On that Spectre mitigations discussion

Posted Jan 30, 2018 18:46 UTC (Tue) by nybble41 (subscriber, #55106) [Link] (4 responses)

> On single-core single-thread processors, yes. But on current hardware, multiple processes use the memory without intervening context switch.

Yeah, that was a major oversight on my part. I was only thinking of hyperthreading and dismissed it because there probably isn't any way to avoid timing side-channels when the same core is running two different threads simultaneously, sharing the same compute units, but only closing banks on context-switches also breaks down on ordinary multi-core systems. Unfortunately I think it would require changes to the DRAM controller, and all the buses and intermediate devices along that path, to close the bank based on the security context.

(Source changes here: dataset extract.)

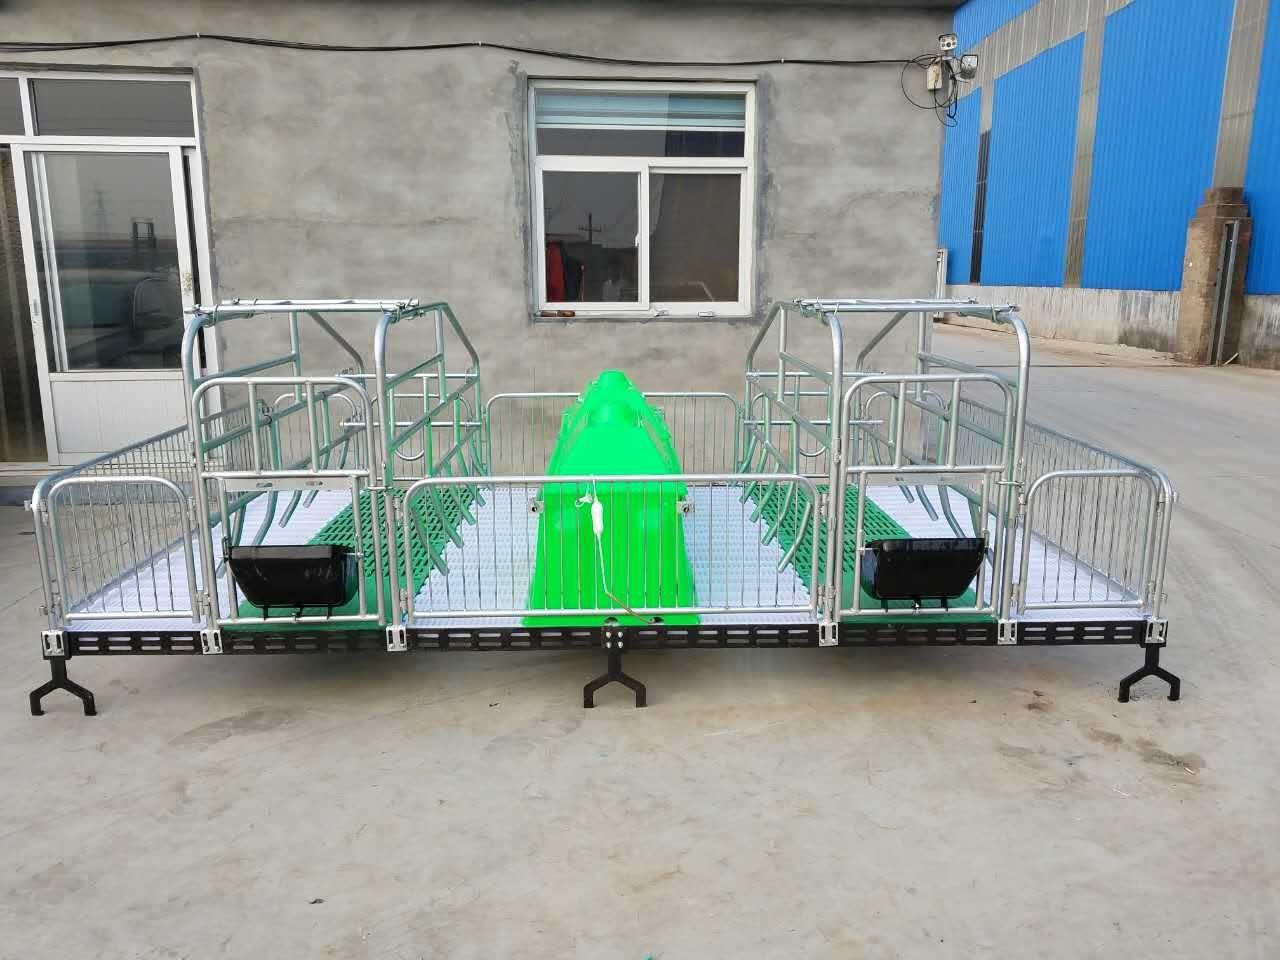 母猪产床 复合板双体产床 仔猪分娩床养猪场养殖设备供应商

> Loads can pick up results of earlier speculative loads from a suitably enhanced store buffer just like they now pick up the results from speculative stores.

You'd still have to *execute* the earlier speculative load to get the data into the "load buffer", and that's the core of the problem. Just issuing a load speculatively causes persistent changes which leak data to an attacker. To avoid side-channels, the load must stay within the CPU, where it can be reverted without affecting the rest of the system, until it is no longer speculative.

> Stores are issued speculatively, but like all other instructions, are retired in-order (or discarded), i.e., after any branches they speculated on, and only then is their result propagated outside the store buffer. My suggestion is that loads that have visible effects in the cache hierarchy are handled in a similar way.

So you want the store buffer to encapsulate the entire state of the memory subsystem, including all levels of caches, open DRAM banks, etc., and anything else which they might interact with (caches for other cores), so that all of this can be put back the way it was when the speculated access is discarded? That seems like a huge effort, but anything less would leave side-channels for data to leak through—a partial mitigation, perhaps, but not a final solution. I understand the performance impact, but I don't see a better way to *completely prevent* these sorts of timing side-channels than keeping all speculation well-contained within the CPU core.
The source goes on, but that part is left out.